Take the lines below between the one holding "Subway Tiles - Stainless" and the one holding "Poza, foto cu", inclusive, and copy them exactly. Add nothing.

__Records to use__.
++++

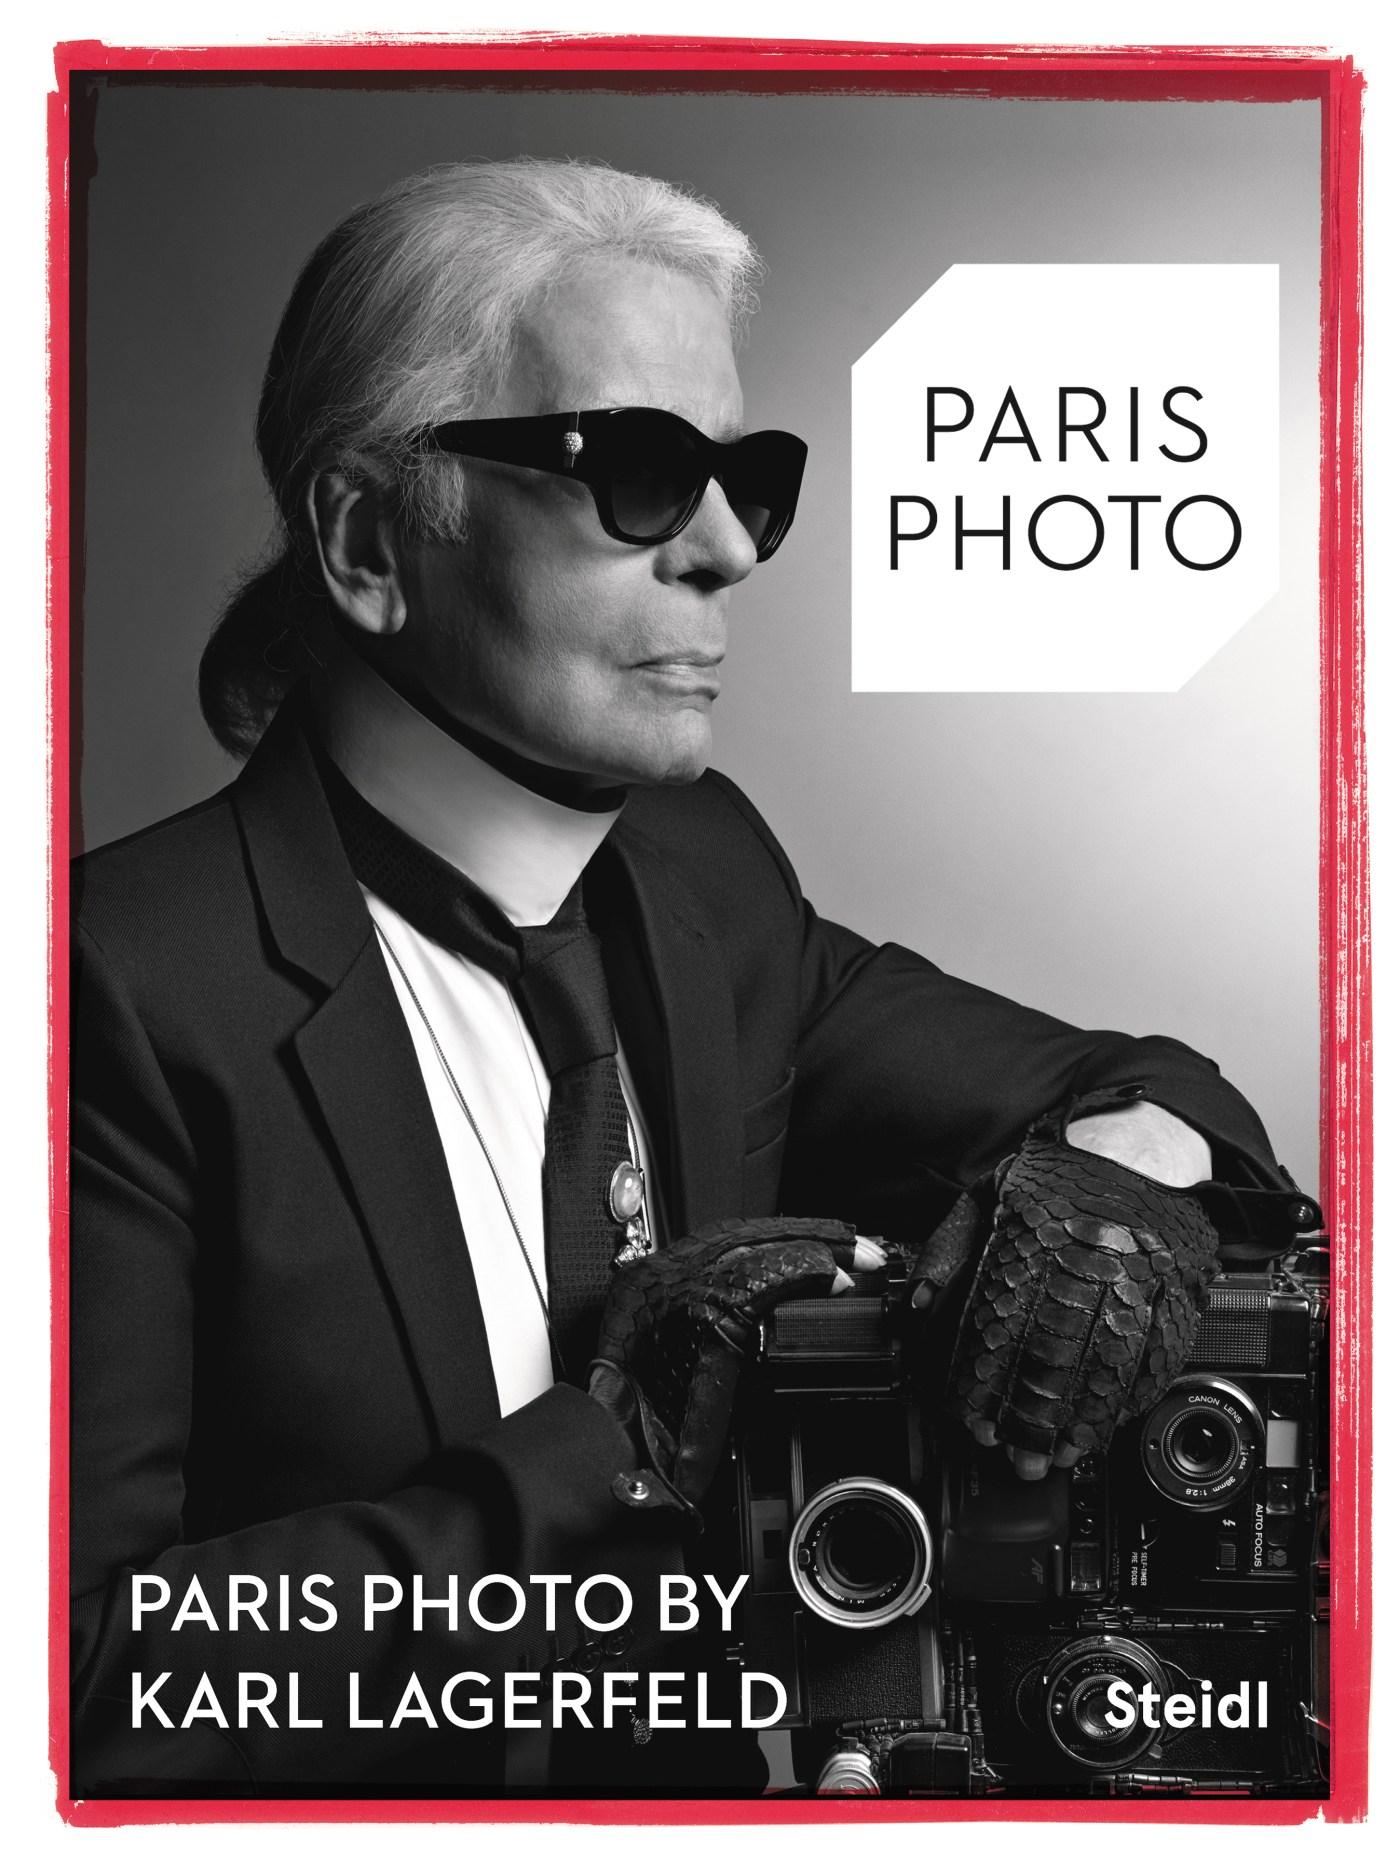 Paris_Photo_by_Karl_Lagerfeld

++++

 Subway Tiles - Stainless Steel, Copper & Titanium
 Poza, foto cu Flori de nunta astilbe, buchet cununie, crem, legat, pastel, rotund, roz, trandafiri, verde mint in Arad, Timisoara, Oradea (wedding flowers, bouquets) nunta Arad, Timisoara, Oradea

++++

__Answer section__.
 Subway Tiles - Stainless Steel, Copper & Titanium
 Poza, foto cu Flori de nunta astilbe, buchet cununie, crem, legat, pastel, rotund, roz, trandafiri, verde mint in Arad, Timisoara, Oradea (wedding flowers, bouquets) nunta Arad, Timisoara, Oradea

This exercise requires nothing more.